Tuberculosis Research and Epidemiology

Introduction: Refined tools are needed to precisely ascertain the diagnosis of tuberculosis (TB) at death, especially in low-income countries. This study evaluated the burden of TB in a series of patients who died in a tertiary referral hospital in sub-Saharan Africa using an in-house real-time PCR (TB-PCR) and the Xpert MTB/RIF Ultra (Xpert Ultra) assay. Methods: Complete diagnostic autopsies were performed to a series of 54 children, 57 maternal deaths and 112 other adults occurring at the Maputo Central Hospital, Mozambique. TB-PCR was performed in all lung samples and all cerebrospinal fluid and central nervous system in HIV-positive patients.
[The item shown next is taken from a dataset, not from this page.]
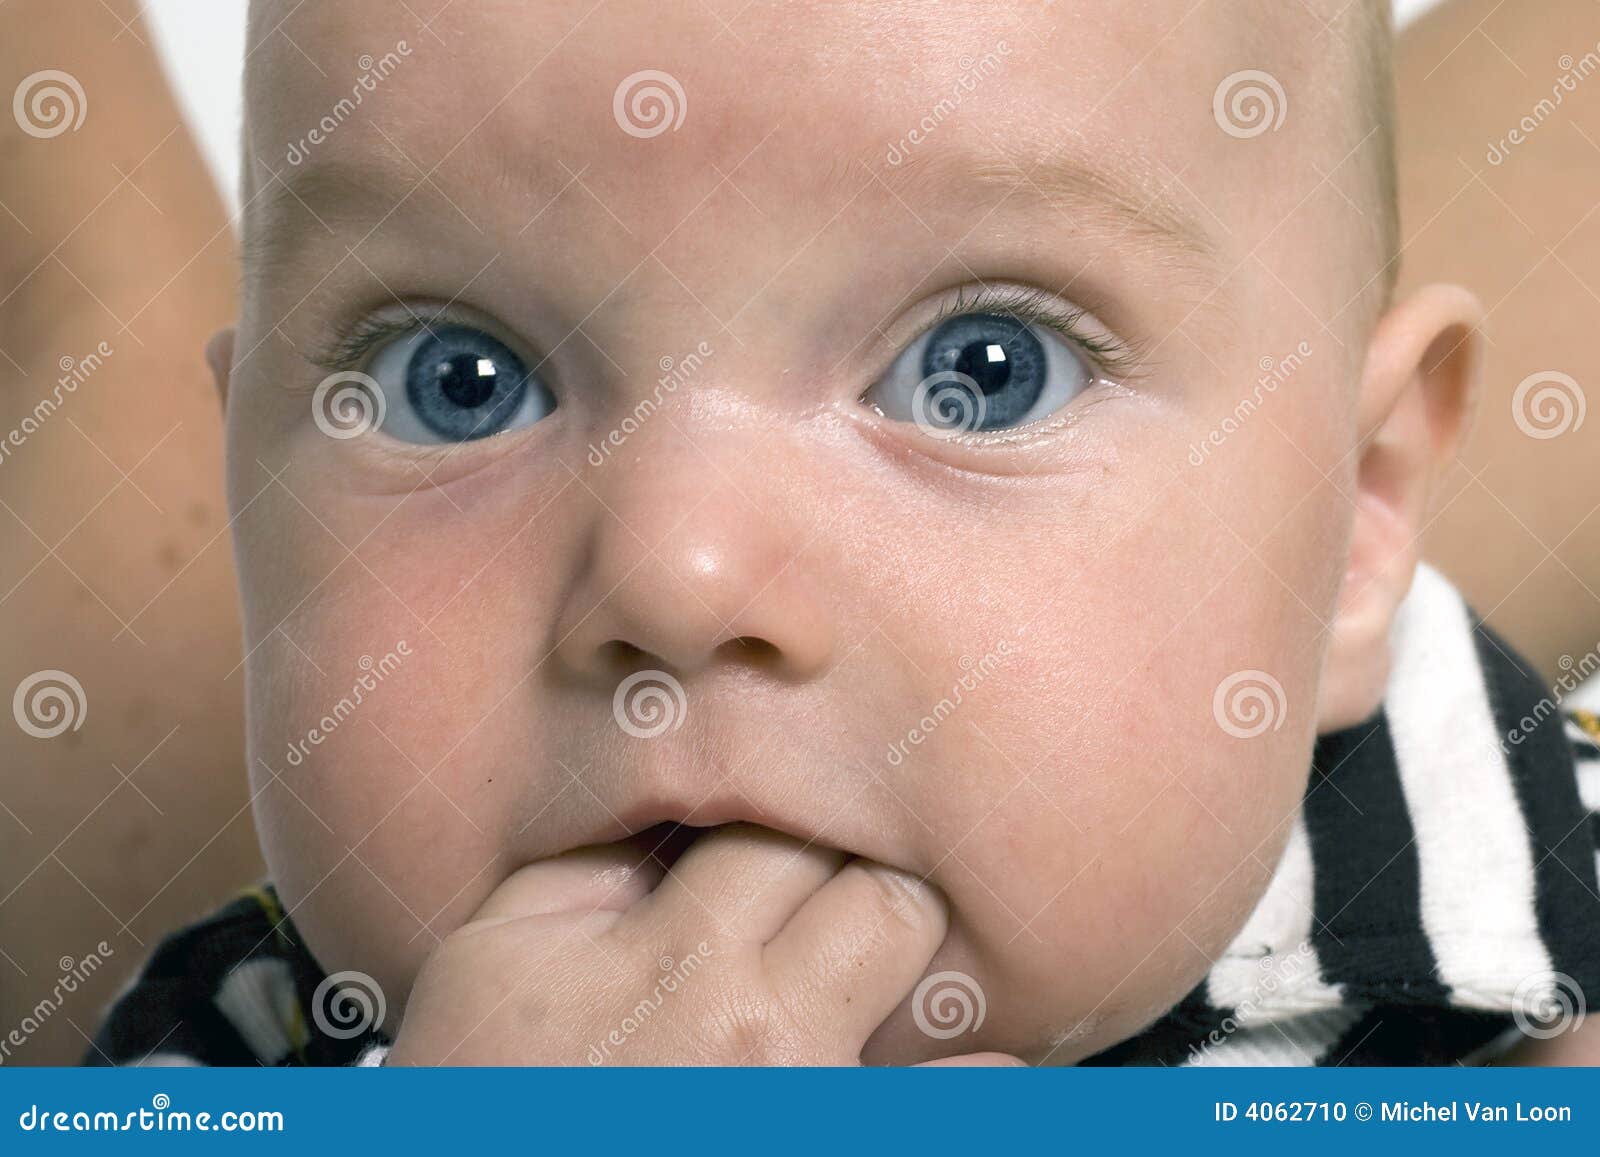 Baby Biting His Hand Stock Photo - Image: 4062710

All samples testing positive for TB-PCR or showing histological findings suggestive of TB were analyzed with the Xpert Ultra assay. Results: The post-mortem evaluations identified TB as the cause of death in 31/223 (13.9%) patients: 3/54 (6%) children, 5/57 (9%) maternal deaths and 23/112 (21%) other adults. The main clinical diagnosis given by the clinician in charge of the patient had a sensitivity to detect TB as cause of death of 19.4% (95% CI: 7.5-37.5) and a specificity of 97.4% (94.0-99.1). Concomitant TB (TB disease in a patient dying of other causes) was found in 31 additional cases. In 18 patients, M. tuberculosis DNA was identified by TB-PCR and Xpert Ultra in the absence of histological TB lesions. Conclusions: The use of highly sensitive and easy to perform molecular tests in complete diagnostic autopsies may contribute to identify TB cases at death that would otherwise have been missed. The clinical diagnosis made by physicians has a poor sensitivity for the diagnosis of TB at death.